RUGANTINO nota di Cielo Pessione Fabrizi
A Rugantino mi legano molti
ricordi. Era il 1962. Avevo tre anni ma ricordo l’aspetto smagliante del palco
del Sistina, i camerini corde/cipria/specchi e quell’aria di grande teatro che
permeava di sacro perfino il respiro. O almeno così io sentivo. Nonno in scena
negli azzimati panni del boja Mastro Titta.
Godevo a tutta quella romanità
colorata e sguaiata, impertinente e sostanziosa, le musiche e i canti
rimanevano dentro per giorni. Quel parlato comodo come la migliore scarpa, quel
romano graffiante e sincero che era tutt’uno con mio mio nonno tanto che,
atterrato a New York nel '64 per la tournée di Rugantino (in USA, Canada e
Argentina), ad un giornalista che gli chiedeva come avrebbe fatto in America se
non conosceva l'inglese lui rispose: "Io puro si fossi nato qua, sempre
romano avrei parlato”. Mio zio Alberto Nucci ricordava che al Mark Hellinger
Theatre ricevette un applauso in uscita di ben 5 minuti. E poi ancora
l’edizione del 1978, comicissimo con una parrucca sproporzionata. Trovajoli di
lui ricordava l’estrema duttilità canora e la commozione quando cantava “E’

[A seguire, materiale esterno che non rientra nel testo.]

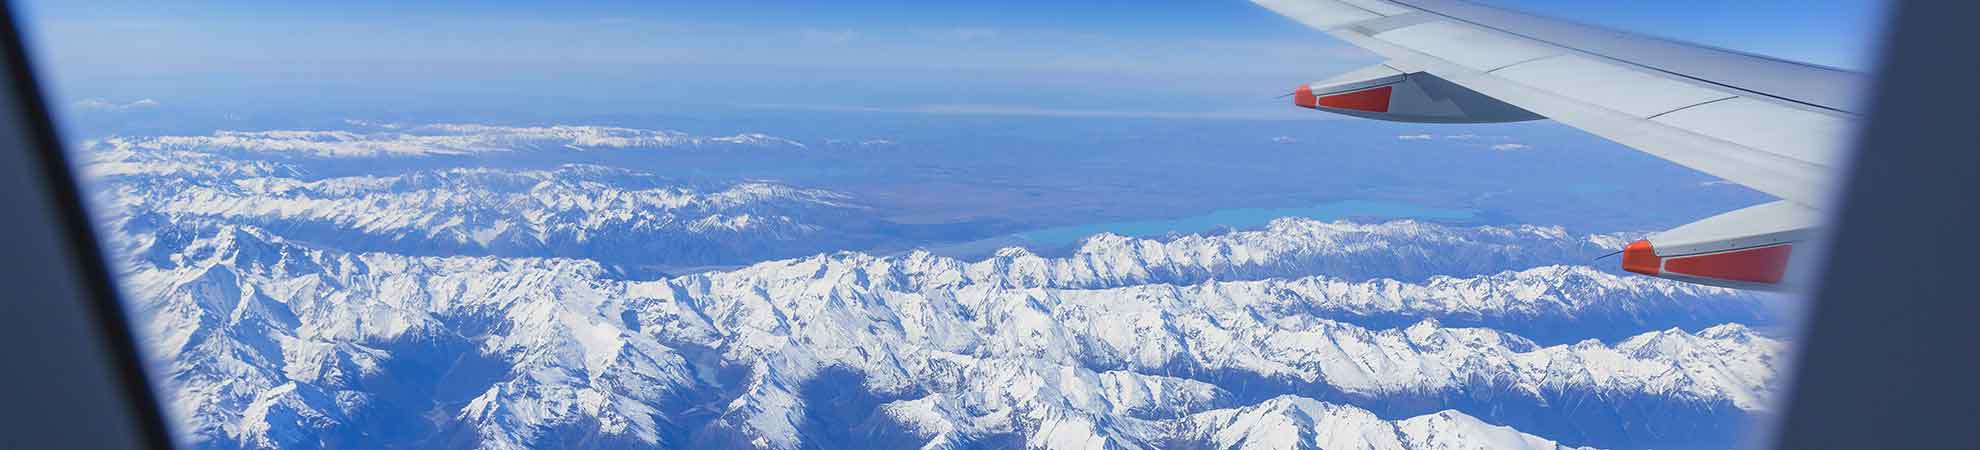 Comment se rendre en avion en Nouvelle Zélande et réussir son voyage malgré le long vol ?

bello ave ‘na donna dentro casa”. Ed è stato proprio con questa canzone che ha
salutato il pubblico nella sua ultima apparizione, nel 1987 (Gino Bramieri
Show). Non riuscì neanche a finire l’ultima strofa tanta era la commozione. Si
alzò con fatica dalla sedia in proscenio mentre benediva il pubblico e gli
lanciò il cuore prima di salutarlo con la mano, per sempre. Pochi anni prima
aveva perso mia nonna, Beatrice Rocchi, in arte Reginella, di Velletri, proprio
la città che ospita la Fondazione Museo
Luigi Magni e Lucia Mirisola. E questo sintetico cerchio di eventi ed affetti
così si chiude per introdurre il Rugantino di Luigi Magni. Peccato abbiano
condiviso insieme solo il set di Tosca. Ma attraverso lo scrivere l’uno e
l’interpretare l’altro mi piace immaginare che anche in questa opera, in
qualche modo abbiano collaborato assieme. Li accomunava un amore per Roma raro
e schietto perfino a quei tempi. Un amore sfrontato e paziente, candido e
visionario, potente e coraggioso. Nati entrambi nel cuore di Roma e cresciuti
là, in Campo de’ Fiori, sotto lo sguardo profondo della statua di Giordano
Bruno, sono stati interpreti appassionati dei valori umani e culturali della
città eterna, coltivando sguardo critico e pensiero autonomo.